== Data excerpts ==
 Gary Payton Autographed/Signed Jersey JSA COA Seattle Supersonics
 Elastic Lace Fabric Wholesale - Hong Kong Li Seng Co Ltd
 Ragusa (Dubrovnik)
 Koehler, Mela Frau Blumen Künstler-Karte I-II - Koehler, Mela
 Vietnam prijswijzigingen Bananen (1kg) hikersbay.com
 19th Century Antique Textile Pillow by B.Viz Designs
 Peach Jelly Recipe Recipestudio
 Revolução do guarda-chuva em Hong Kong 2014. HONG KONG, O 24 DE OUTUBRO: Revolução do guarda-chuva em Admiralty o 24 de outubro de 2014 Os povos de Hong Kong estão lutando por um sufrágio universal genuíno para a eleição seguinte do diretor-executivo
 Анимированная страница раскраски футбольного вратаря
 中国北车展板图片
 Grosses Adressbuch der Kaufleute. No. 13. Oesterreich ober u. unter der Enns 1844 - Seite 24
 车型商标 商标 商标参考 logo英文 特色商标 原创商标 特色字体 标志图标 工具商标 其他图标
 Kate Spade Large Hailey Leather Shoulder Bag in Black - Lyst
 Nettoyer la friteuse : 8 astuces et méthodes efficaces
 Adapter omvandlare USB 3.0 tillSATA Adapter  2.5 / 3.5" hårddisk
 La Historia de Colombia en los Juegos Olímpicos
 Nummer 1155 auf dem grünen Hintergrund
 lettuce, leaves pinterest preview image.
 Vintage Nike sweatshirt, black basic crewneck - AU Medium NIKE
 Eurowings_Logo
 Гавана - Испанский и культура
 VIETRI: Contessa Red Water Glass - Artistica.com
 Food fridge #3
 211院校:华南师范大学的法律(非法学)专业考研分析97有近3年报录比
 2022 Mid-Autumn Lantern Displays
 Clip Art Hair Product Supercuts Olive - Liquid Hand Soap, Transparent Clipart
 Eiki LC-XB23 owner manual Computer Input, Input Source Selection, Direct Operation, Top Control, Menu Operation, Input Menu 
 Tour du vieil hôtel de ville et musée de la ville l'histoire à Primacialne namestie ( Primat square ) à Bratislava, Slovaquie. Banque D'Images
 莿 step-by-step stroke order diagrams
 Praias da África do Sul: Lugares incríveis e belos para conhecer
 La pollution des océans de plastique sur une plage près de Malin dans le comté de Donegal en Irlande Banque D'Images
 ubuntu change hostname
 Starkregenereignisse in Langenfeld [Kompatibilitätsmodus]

== Task details ==
Word for word, restate only the lines from the one containing "Grosses Adressbuch der" through the last line of the entries, with both ends kept.

== Written answer ==
 Grosses Adressbuch der Kaufleute. No. 13. Oesterreich ober u. unter der Enns 1844 - Seite 24
 车型商标 商标 商标参考 logo英文 特色商标 原创商标 特色字体 标志图标 工具商标 其他图标
 Kate Spade Large Hailey Leather Shoulder Bag in Black - Lyst
 Nettoyer la friteuse : 8 astuces et méthodes efficaces
 Adapter omvandlare USB 3.0 tillSATA Adapter  2.5 / 3.5" hårddisk
 La Historia de Colombia en los Juegos Olímpicos
 Nummer 1155 auf dem grünen Hintergrund
 lettuce, leaves pinterest preview image.
 Vintage Nike sweatshirt, black basic crewneck - AU Medium NIKE
 Eurowings_Logo
 Гавана - Испанский и культура
 VIETRI: Contessa Red Water Glass - Artistica.com
 Food fridge #3
 211院校:华南师范大学的法律(非法学)专业考研分析97有近3年报录比
 2022 Mid-Autumn Lantern Displays
 Clip Art Hair Product Supercuts Olive - Liquid Hand Soap, Transparent Clipart
 Eiki LC-XB23 owner manual Computer Input, Input Source Selection, Direct Operation, Top Control, Menu Operation, Input Menu 
 Tour du vieil hôtel de ville et musée de la ville l'histoire à Primacialne namestie ( Primat square ) à Bratislava, Slovaquie. Banque D'Images
 莿 step-by-step stroke order diagrams
 Praias da África do Sul: Lugares incríveis e belos para conhecer
 La pollution des océans de plastique sur une plage près de Malin dans le comté de Donegal en Irlande Banque D'Images
 ubuntu change hostname
 Starkregenereignisse in Langenfeld [Kompatibilitätsmodus]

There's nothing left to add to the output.